Audio Mixing to Improve the Clarity of Speech

Posted on May 15, 2011 by Larry

[ This article was first published in the June, 2010, issue of
Larry’s Monthly Final Cut Studio Newsletter. Click here to subscribe. ]

This article was suggested several months ago by Philip Fass. Sorry it took me so long to write.

One of the signs of getting older is that our hearing is not as sharp as it once was. (Yes, that includes me, too, and I’m still frustrated about it.) So one of the things I do in my mixes is to be sure that I make things as clear and easy to understand as possible.

But first, a bit of audio theory.

VOLUME AND FREQUENCY

We frequently think about the loudness of a sound making it understandable. But that is only part of the solution.

All sound is composed of two elements: volume and frequency. The volume determines how loud a sound is, the frequency determines the pitch.

NOTE: Volume is also describe as “levels” and “gain.” Your choice.

When someone speaks, their voice contains lots of different volumes and frequencies. You can easily prove this to yourself by trying to make words using just a tone generator, like the one in Bars and Tone. You will get a series of beeps, but no words.

Human speech is “bursty.” This means that each syllable is a short burst of sound. These are the puffs we see when looking at waveforms in Final Cut’s Viewer or Timeline. Singing is more “steady-state.”

Here, for example, is a waveform of me saying: “to learn more about our weekly podcasts, visit DigitalProductionBuzz dot com.”

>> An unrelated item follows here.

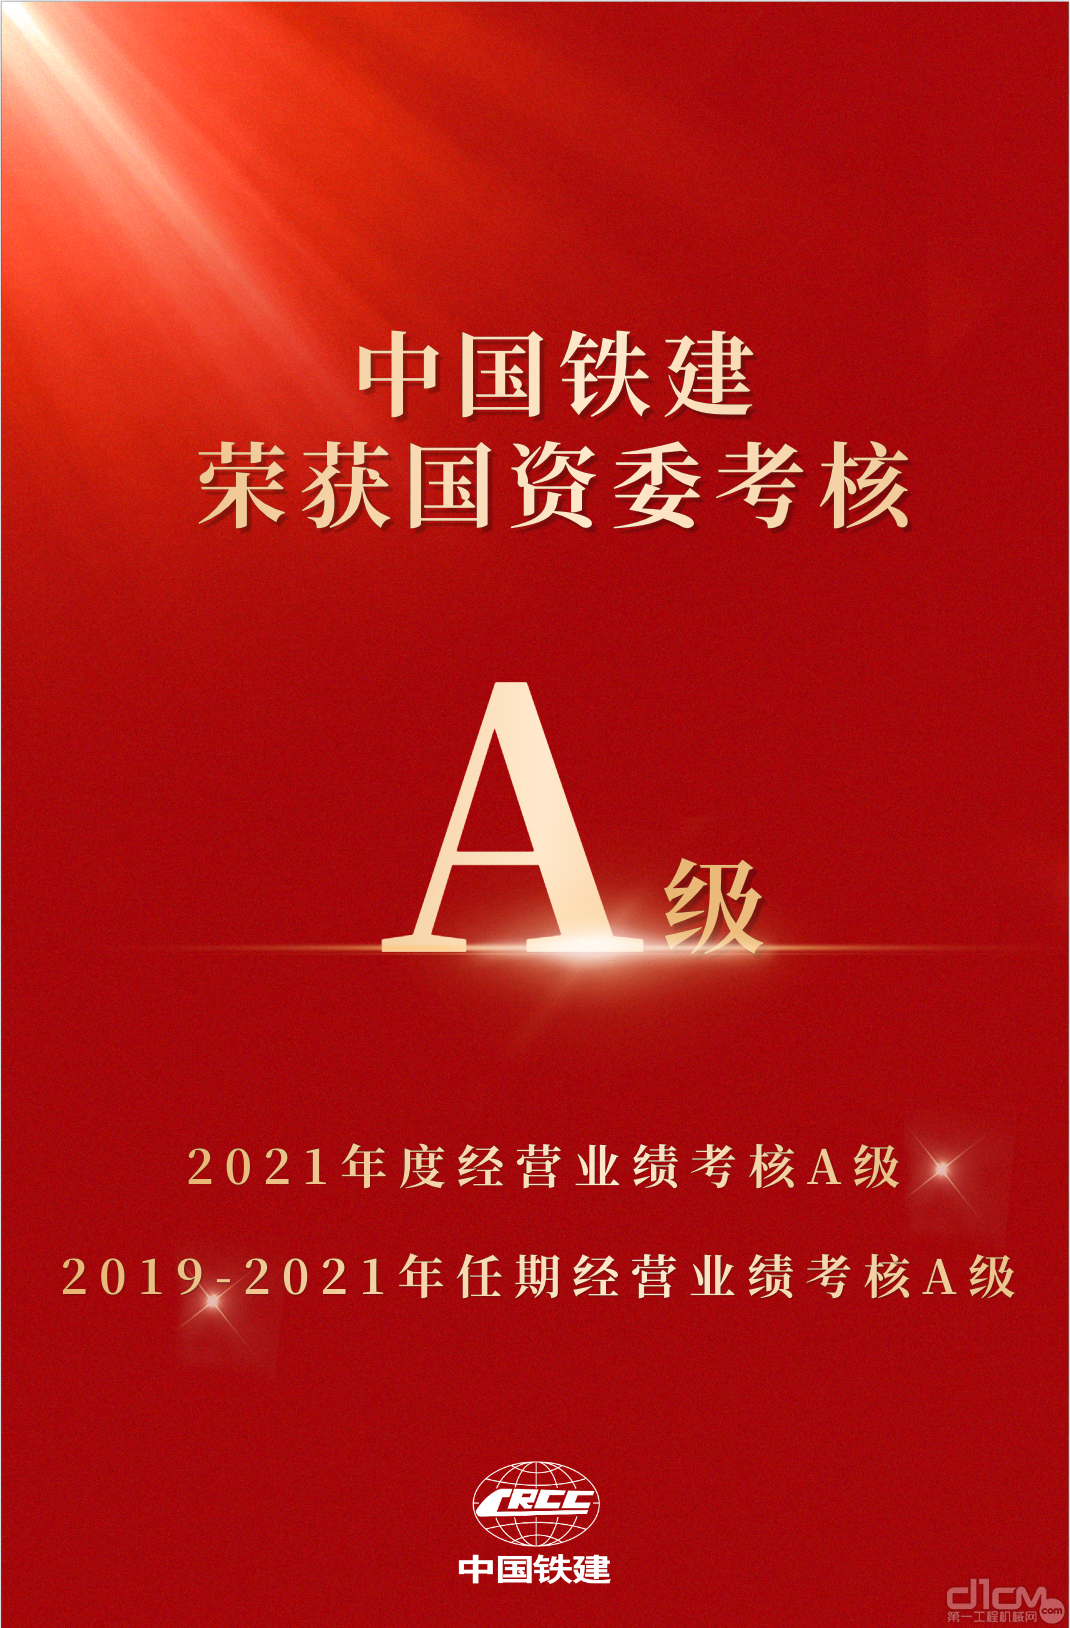 中国铁建荣获国资委年度和任期经营业绩考核“双A”

Each syllable is its own puff. The two puffs at the end are “dot com”.

But looking at a waveform only shows the volume of the sound. We need to look at a frequency chart to see the distribution of frequencies.

Happily, Soundtrack Pro provides this as part of an Audio File project. Here is the spectrum analysis for the words “dot com”. “Dot” is on the left and “com” is on the right.

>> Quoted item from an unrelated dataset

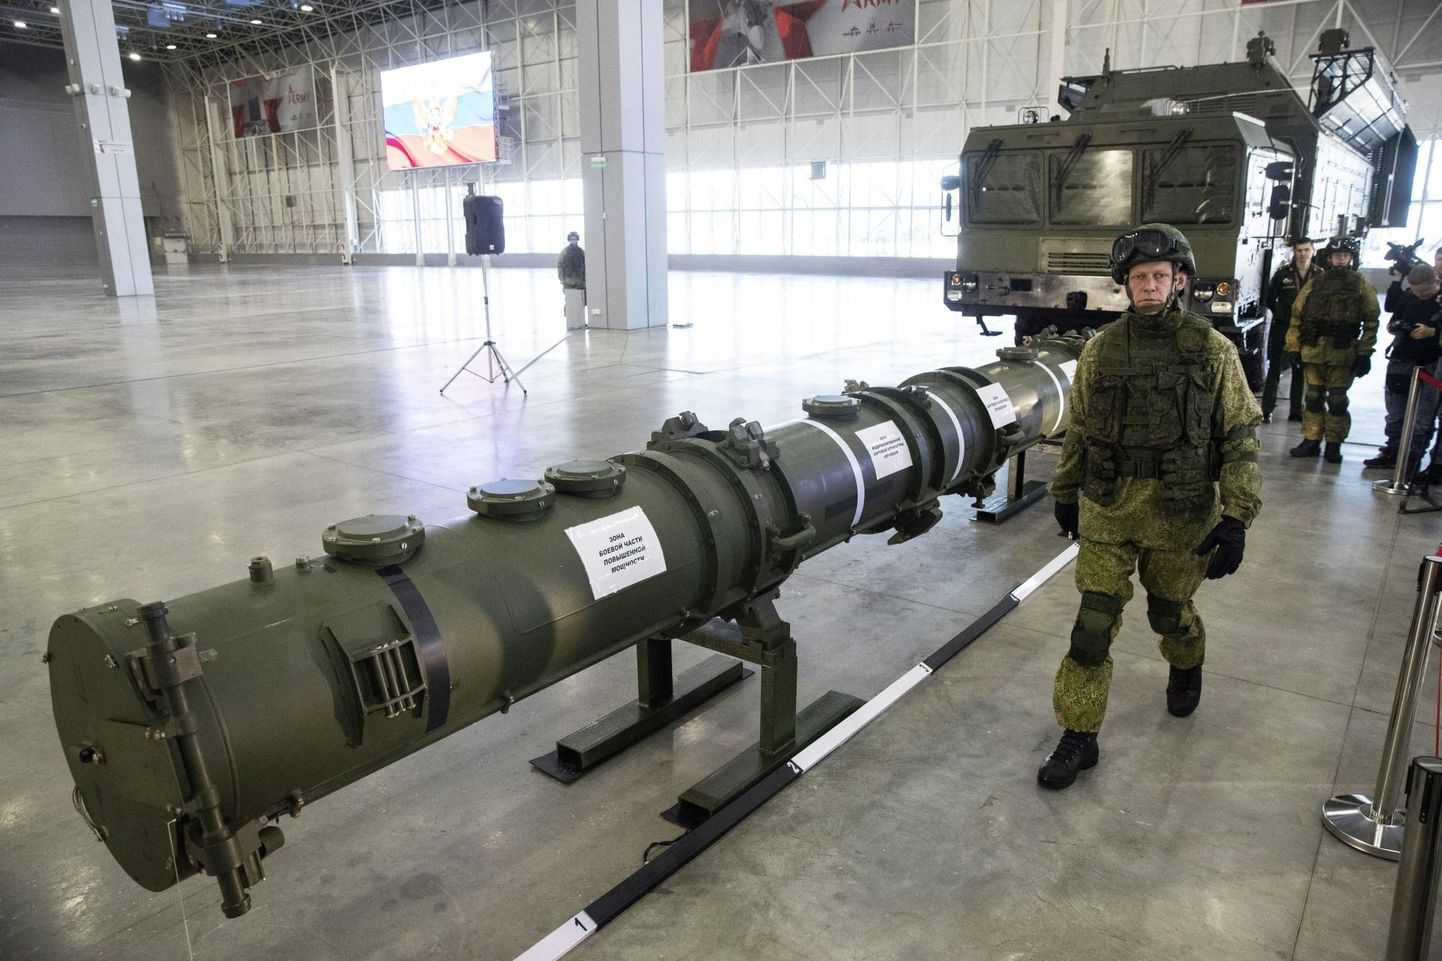 Venemaa demonstreerimas oma SSC-8 (9M729) tiibraketti tänavu veebruaris. 

This chart represents the frequency range and characteristics of human hearing.

Blue represents the frequencies at which there is no sound at that point in time
Pale blue represents frequencies with some level of sound
Green represents frequencies with a moderate level of sound
Dark green represents frequencies with a significant level of sound
Yellow represents frequencies with a high level of sound

Notice how the bulk of the sound is in the lower frequencies — less than 500 cycles? Well, this is partly due to the fact that I’m a guy. Girls have somewhat higher voices, but a surprising amount of audio is in low frequencies for both guys and girls.

Notice, also, that I have almost no frequencies above about 5 kHz. Girls would max out around 8 kHz. Remember that point, we’ll come back to it.

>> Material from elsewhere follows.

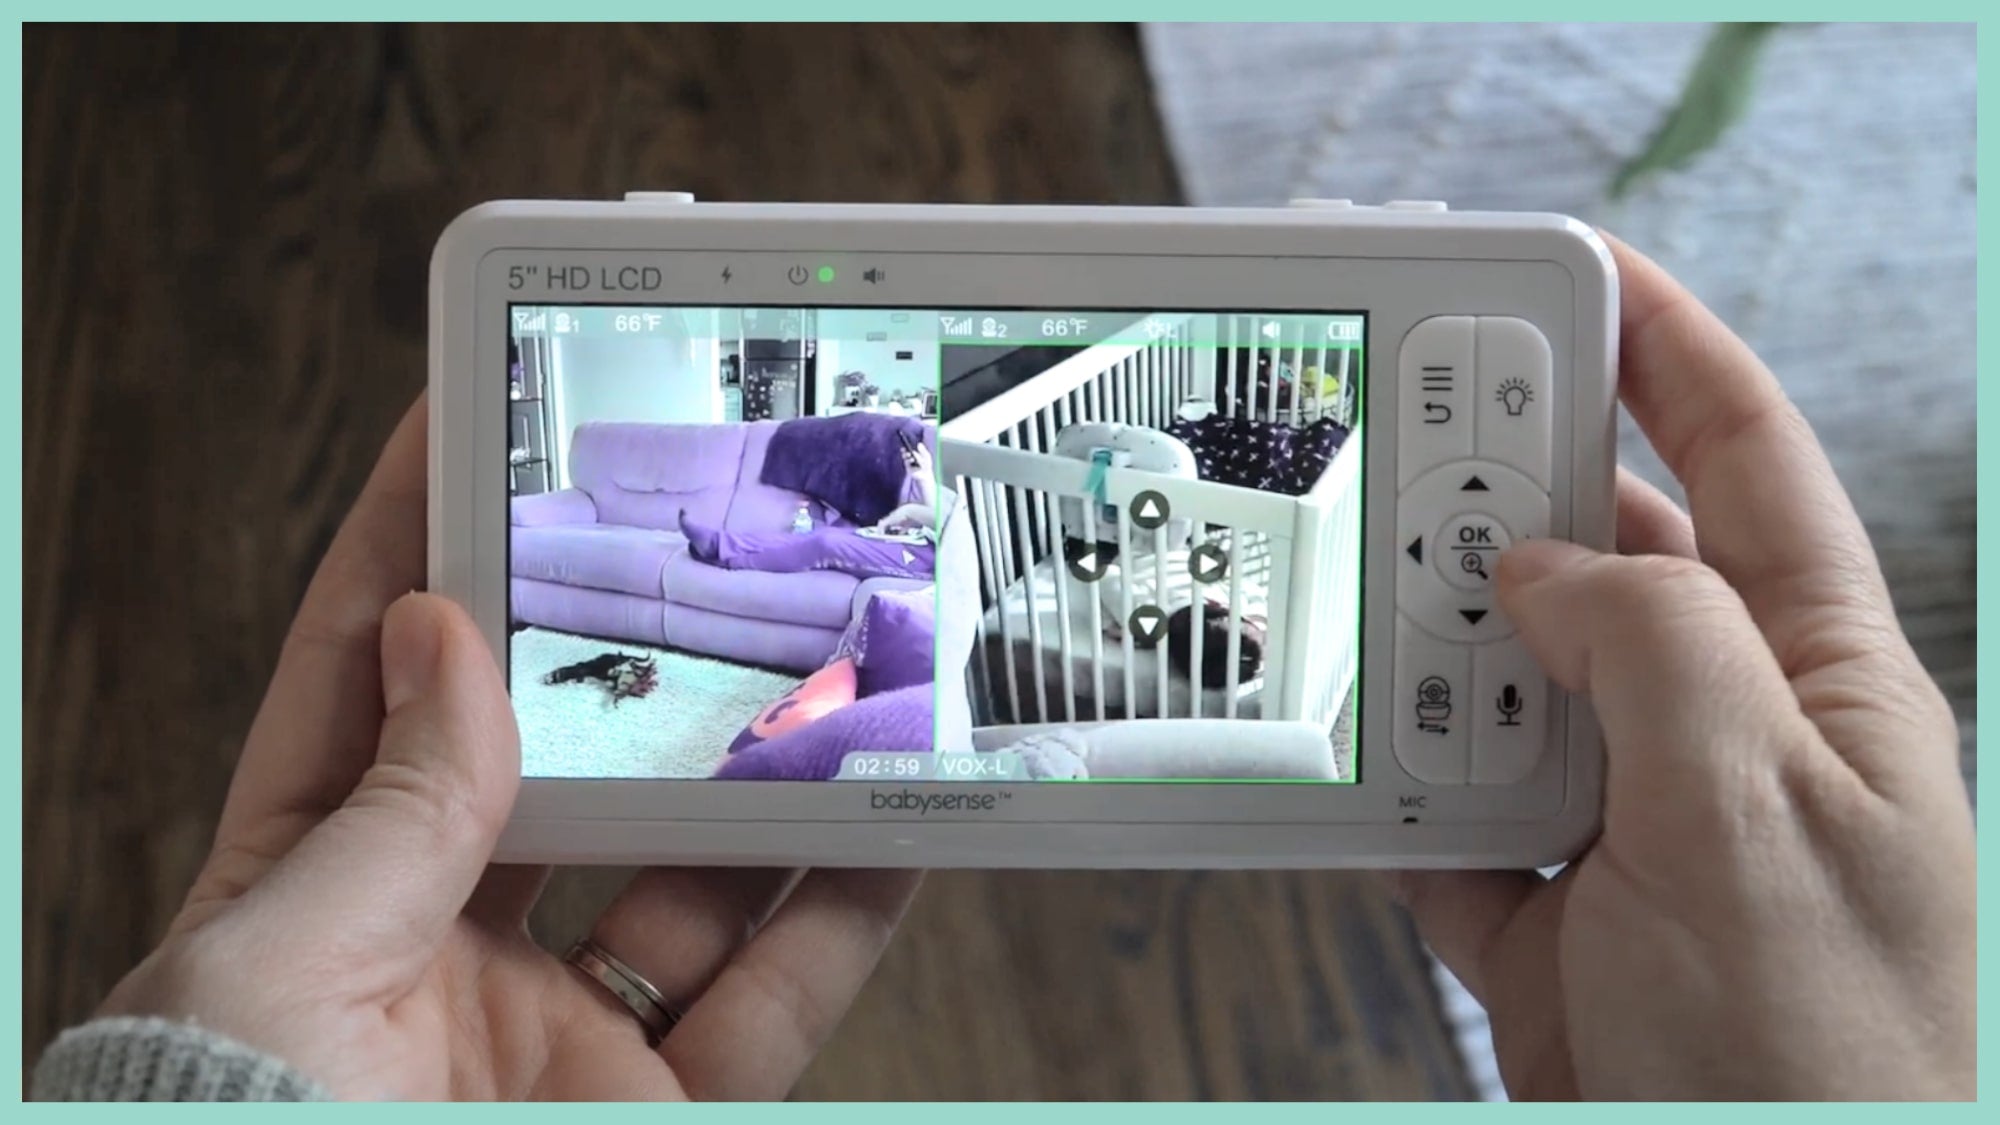 Moniteur pour bébé Luvion Prestige Touch 2 avec caméra + Babysense

FREQUENCY MEANS DIFFERENT THINGS

Human hearing ranges from 20 cycles (so deep as to feel more like a vibration than a pitch) to 20,000 cycles (so high as to feel more like the wind than a tone); assuming we are all about 18 years old with average hearing for that age. As we get older, our hearing declines, which I have already grumped about.

NOTE: Two other thoughts about getting older. First, we lose high frequency hearing first. Second, guys start to lose higher frequencies before girls do.

Human speech, however, is more restricted in frequencies. Speech ranges from roughly 150 cycles to 6,000 cycles for men, and 350 cycles to 8,000 cycles for women. Kids are slightly higher yet. And, there is plenty of individual variation.

That which adds richness, tone, and “sexiness” to a voice are the lower frequencies. (This is why many radio DJ’s try to pitch their voice as deep as they can.)

Vowels live in the low frequencies.

Consonants, however, live in the high frequencies. And it is consonants that provide diction to speech.

NOTE: Someone who mumbles has almost no high-frequencies in their voice, which is why they are so hard to understand. It isn’t just volume, it’s pitch.

I read somewhere that the difference between the letter “F” and “S” is 6,100 cycles for a guy and 8,000 cycles for a girl. In other words, clarity is in the high frequencies.

This last statement gives us guidance on how to approach mixing projects for, ah, older folks. We need to boost the higher frequencies to improve intelligibility.

ADDING EQ TO THE MIX

One of the reasons I like mixing in Soundtrack Pro is the high-quality and precise filters that it contains, coupled with a sophisticated interface. Final Cut’s filters can’t begin to compete.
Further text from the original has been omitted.